S., by an assignment absolute in form and for an expressed sum and "other valuable considerations," assigned to G. an interest in letters patent. G., by a writing executed the following day, made a further agreement with S. as to times and modes and amounts of payments, and further agreed that if he should fail to carry out his said agreements, the title
was to revert to S.. Held that the transfer was absolute, subject to be defeated by failure to perform the condition subsequent.
When an invention patented in a foreign country is also patented in the United States, articles containing it cannot be imported into the United States from the foreign country and sold here without the license or consent of the owner of the United States patent, although purchased in the foreign country from a person authorized to sell them.
To a master's report upon the damages to be awarded in an equity suit for the infringement of letters patent, the exceptions raised the points: (1) that the infringement was not willful; (2) that the reduction in price of the article manufactured by the plaintiff was not solely due to the infringement. Held that this was sufficient to bring before the court the whole subject of the computation of damages.
When a plaintiff in a suit for the infringement of letters patent seeks to recover because he has been compelled to lower his prices in order to compete with the infringing defendant, he must either show that the reduction was due solely to the defendant's acts or to what extent it was due to them, and must furnish data by which actual damages may be calculated.
In equity.
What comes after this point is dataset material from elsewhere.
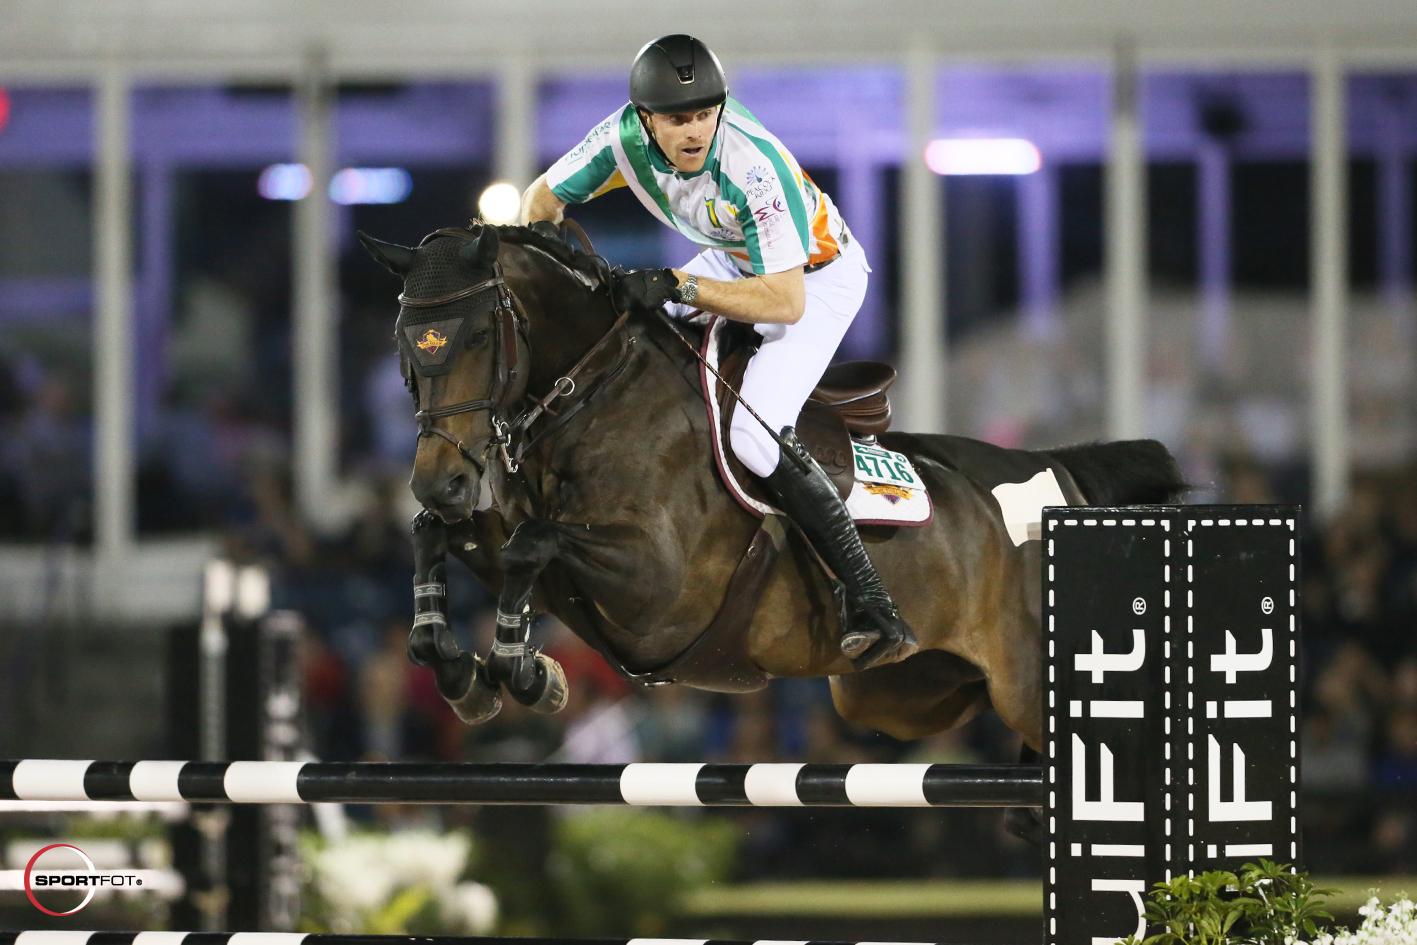 David Blake and Emilia. Photo © Sportfot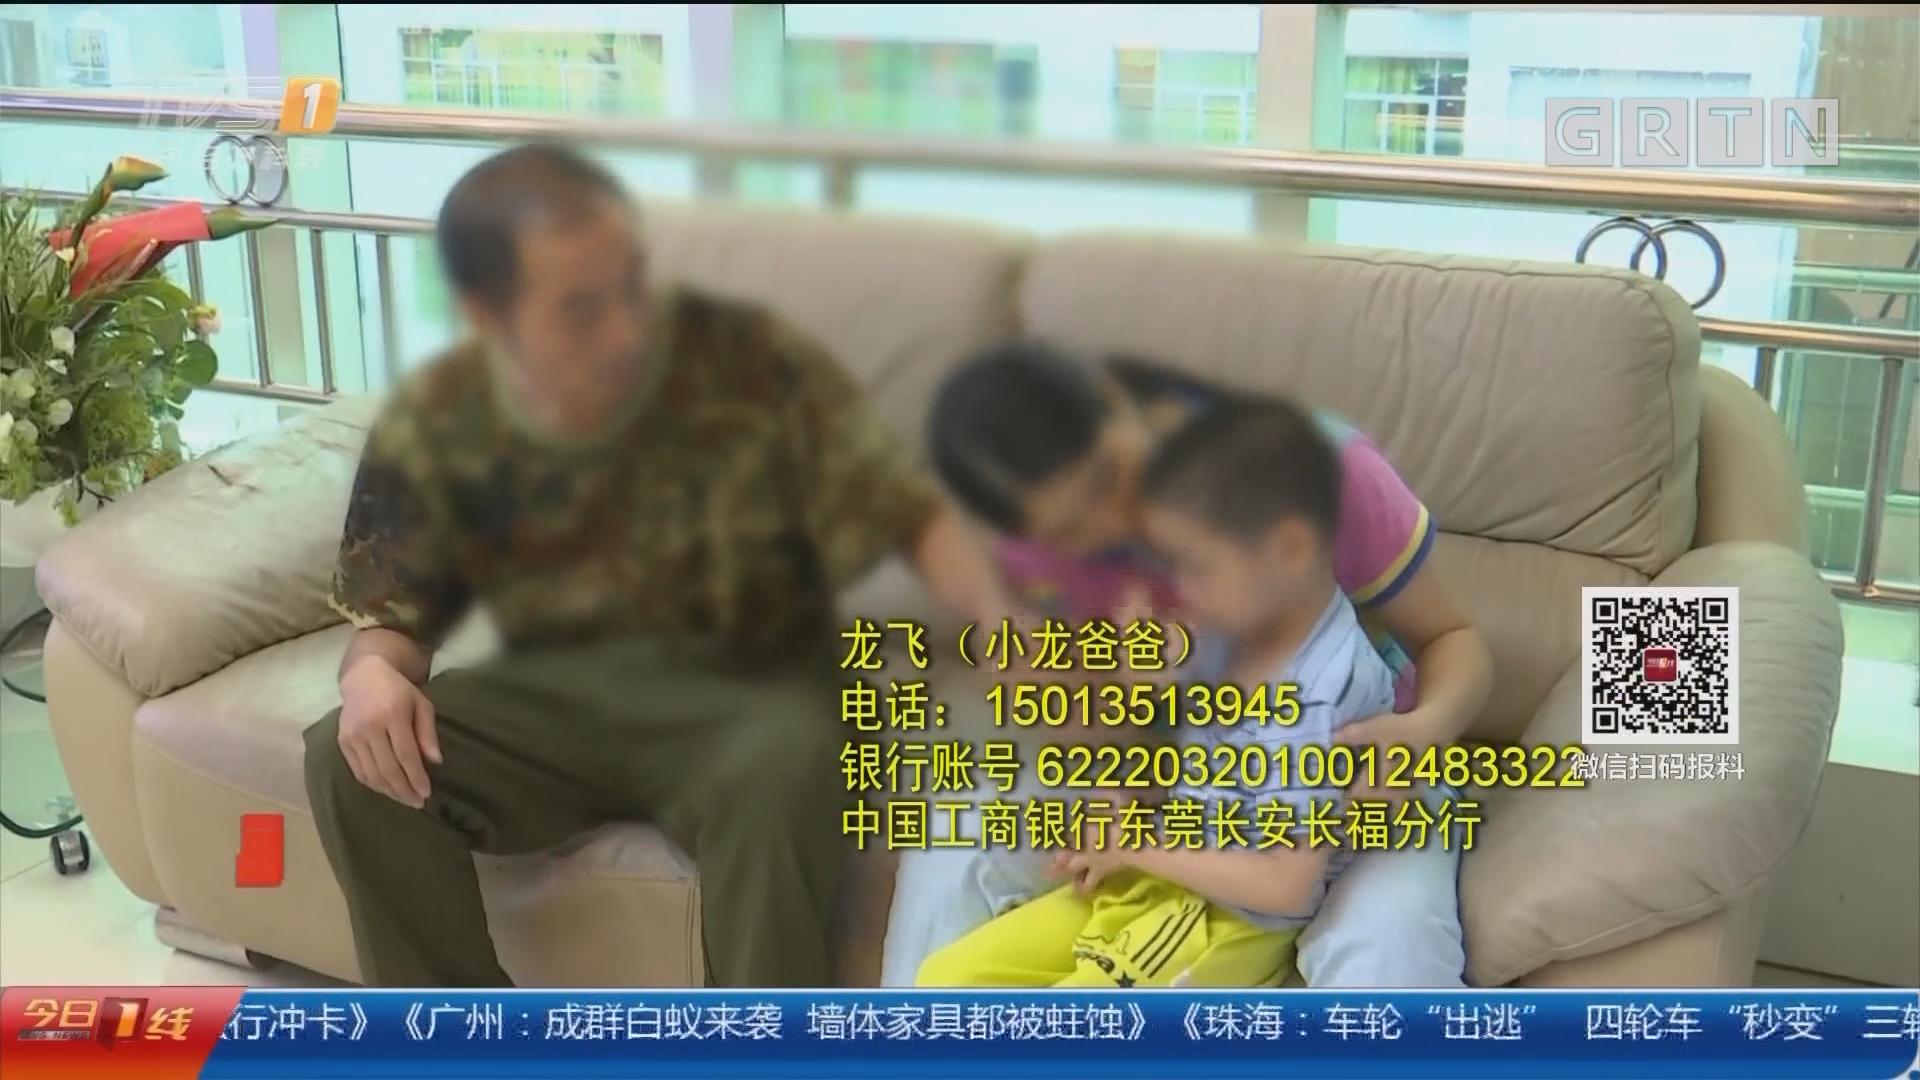 广州:烫伤留下大片疤痕 5岁男孩期盼援助

The case is stated in the opinion.
MR. CHIEF JUSTICE FULLER delivered the opinion of the Court.
Albert Graeff and J. F. Donnell filed their bill in the Circuit Court of the United States for the Northern District of California against Emile Boesch and Martin Bauer, to recover for infringement of letters patent No. 289,571, for an improvement in lamp-burners, granted on December 4, 1883, to Carl Schwintzer and Wilhelm Graeff, of Berlin, Germany, assignors of one-half to J. F. Donnell & Co., of New York, all rights being averred to be now vested in the complainants. Claim 1, alleged to have been infringed, reads as follows:
"In a lamp-burner of the class described, the combination, with the guide tubes, of a ring-shaped cap provided with openings for the wicks, said cap being applied to the upper ends of the guide tubes, so as to close the intermediate spaces between the same, substantially as set forth. "
The patent was granted December 4, 1883, but prior to that, November 14, 1879, January 13, 1880, and March 26, 1880, letters patent had been granted to Carl Schwintzer and Whilhelm Graeff by the government of Germany for the same invention. After a hearing on the merits, an interlocutory decree was entered, finding an infringement and referring the case to a master for an accounting. The opinion will be found reported in 33 F. 279. A petition for a rehearing was filed and overruled. The case then went to the master, who reported that the infringement was willful, wanton, and persistent; that the appellees had sustained damages to the extent of $2,970.50, and that they waived all claims to the profits realized by the infringement. Exceptions were filed to this report and overruled, and a final decree entered in favor of Graeff and Donnell for $2,970.50, with interest, and costs, from which decree this appeal has been prosecuted.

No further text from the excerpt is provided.